Exercise requirements >>
An exact copy of the data is required; the images should not appear in it.

BEGIN Recorded data

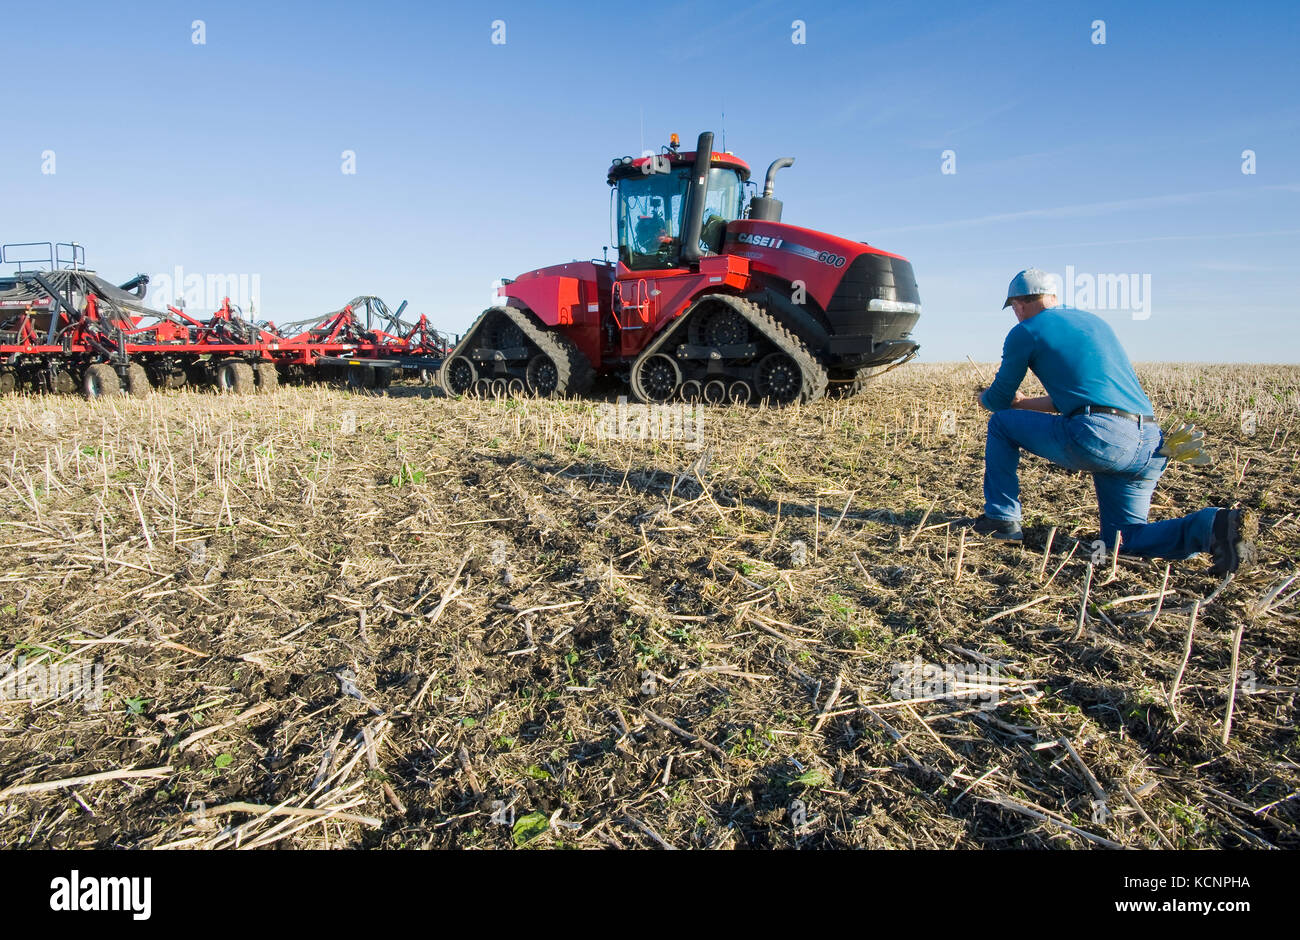 Agriculteur de champ avec un tracteur et le semoir pneumatique Quad-Trac les semis de blé d'hiver dans un champ jusqu'à zéro dans l'arrière-plan, près de Lorette, Manitoba, Canada Banque D'Images
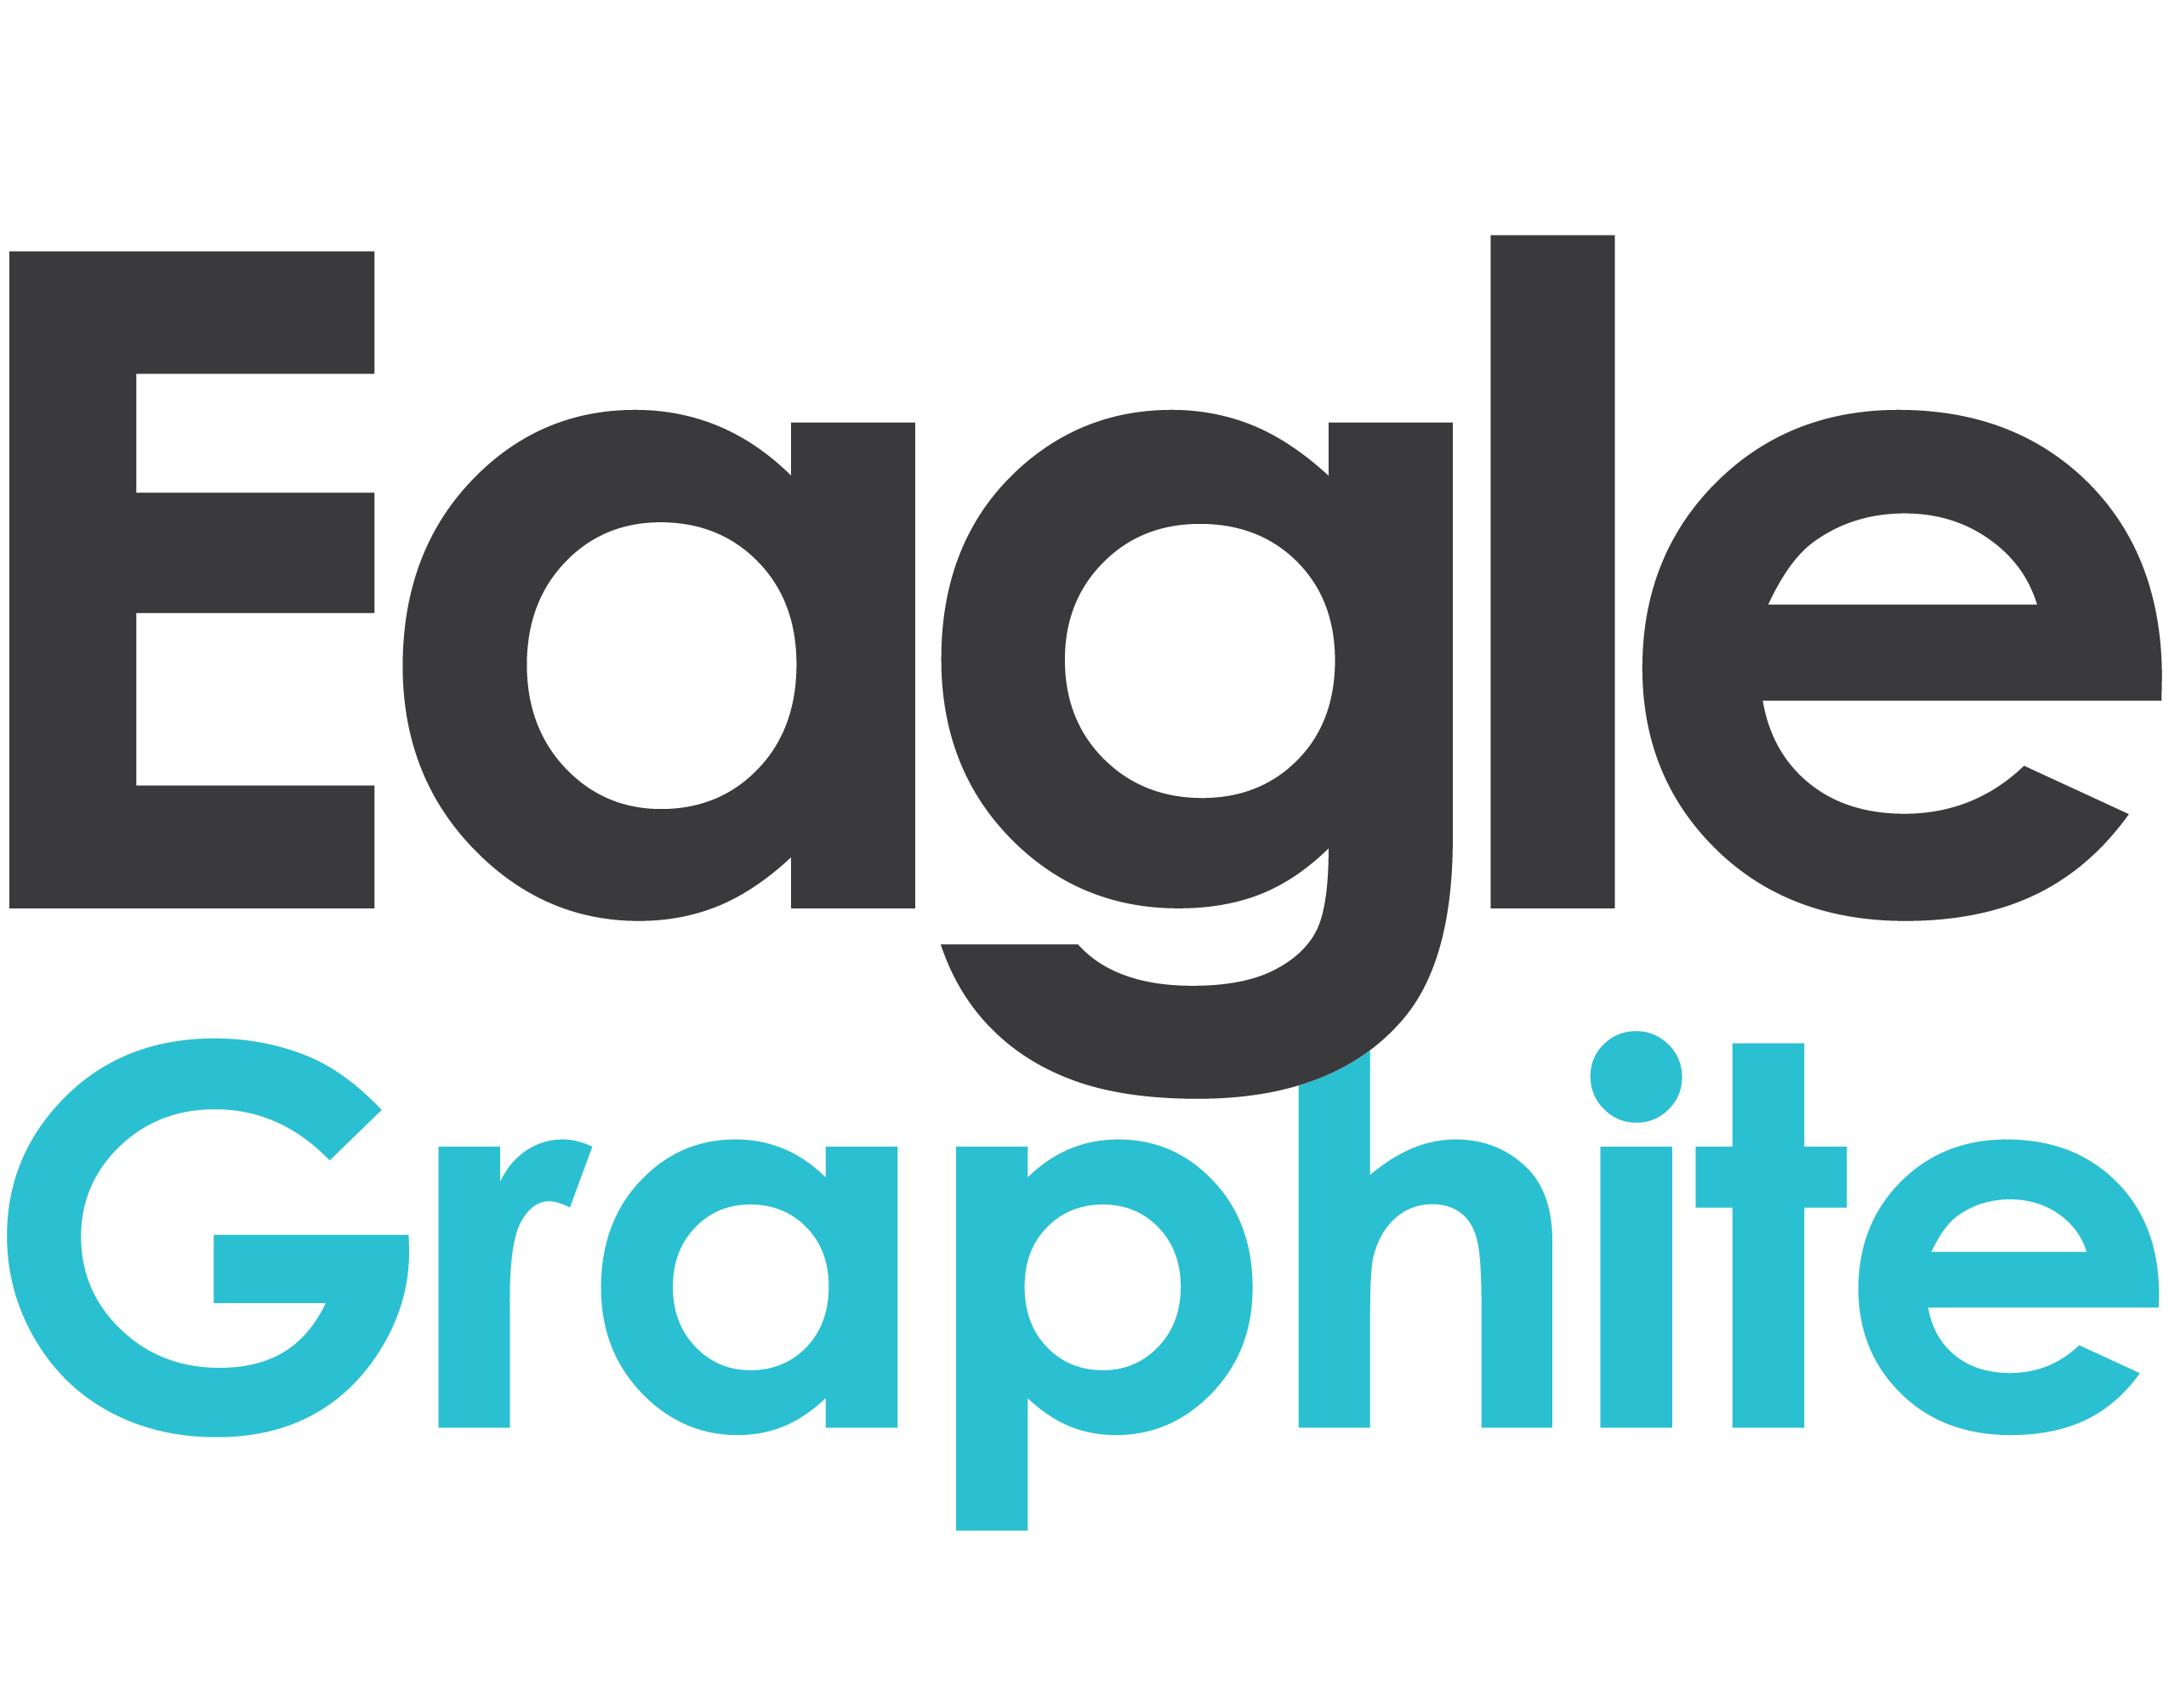 Eagle Graphite
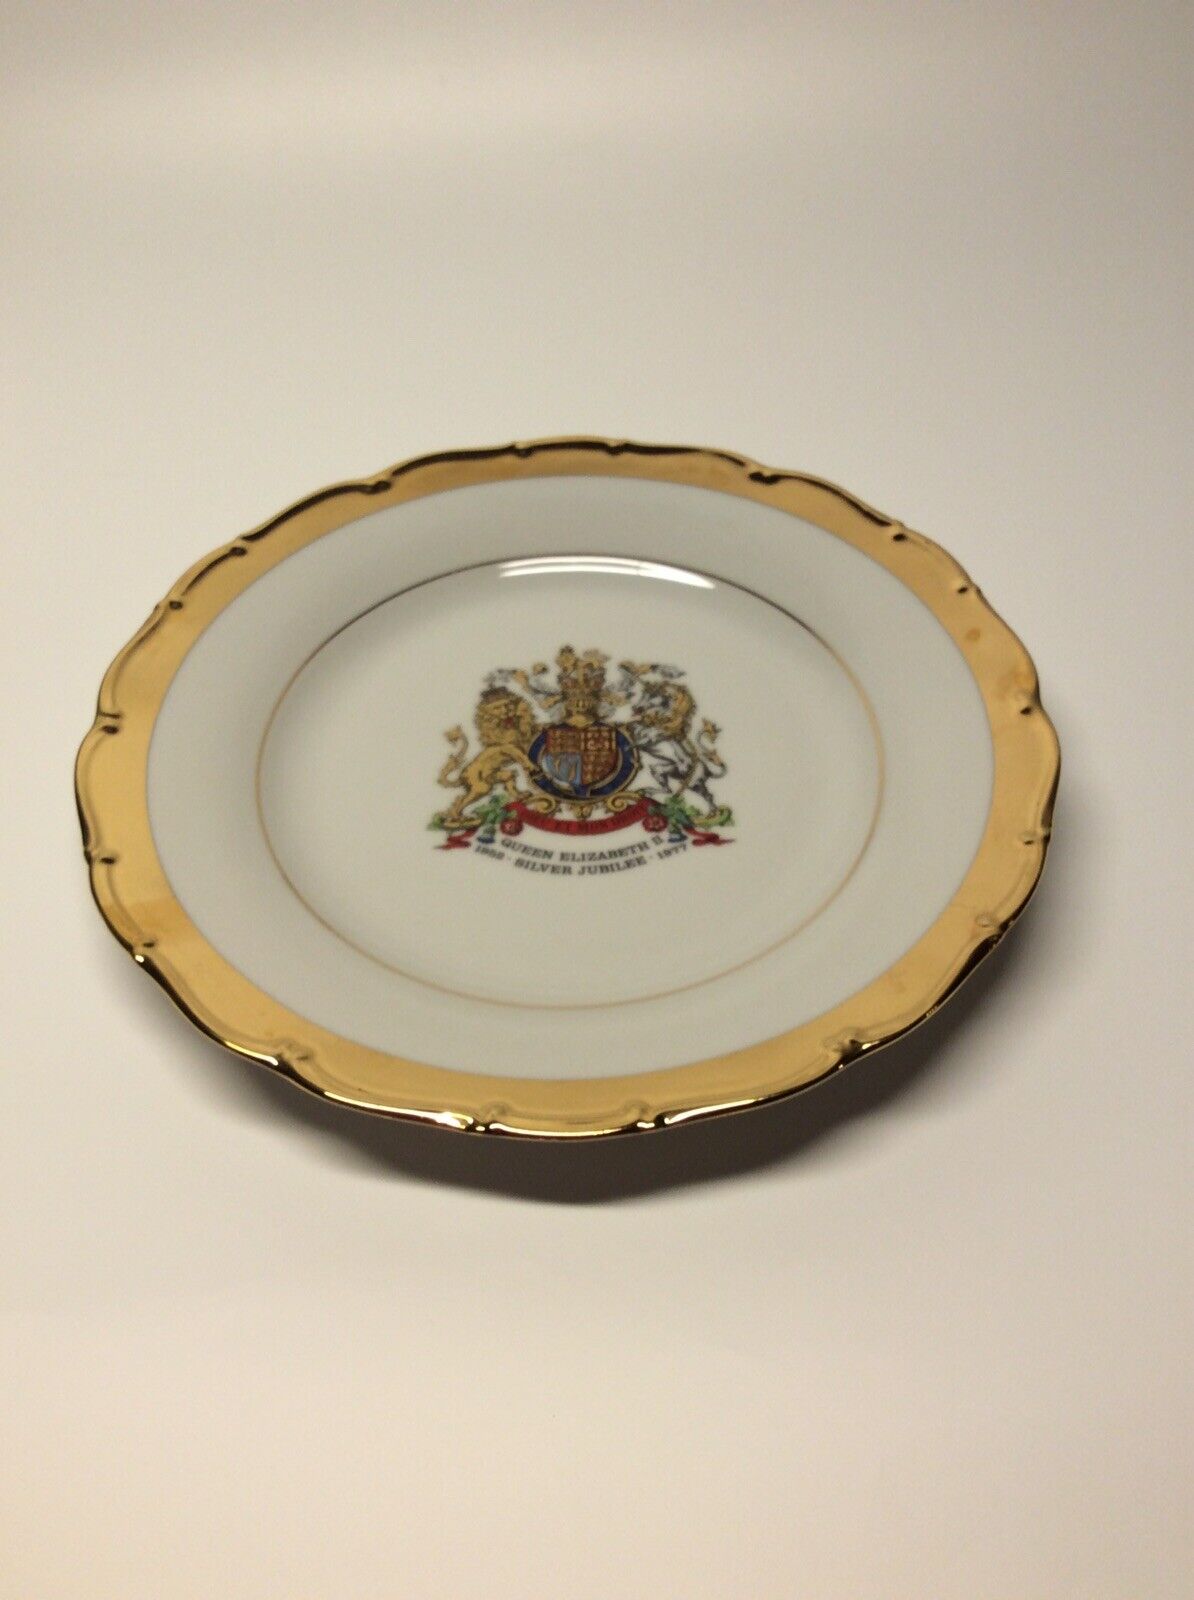 1792 Haas Czjzek Queen Elizabeth II Silver Jubilee Plate 1953 - 1977 Heavy Gold

END Recorded data

Answer section >>
 Agriculteur de champ avec un tracteur et le semoir pneumatique Quad-Trac les semis de blé d'hiver dans un champ jusqu'à zéro dans l'arrière-plan, près de Lorette, Manitoba, Canada Banque D'Images
 Eagle Graphite
 1792 Haas Czjzek Queen Elizabeth II Silver Jubilee Plate 1953 - 1977 Heavy Gold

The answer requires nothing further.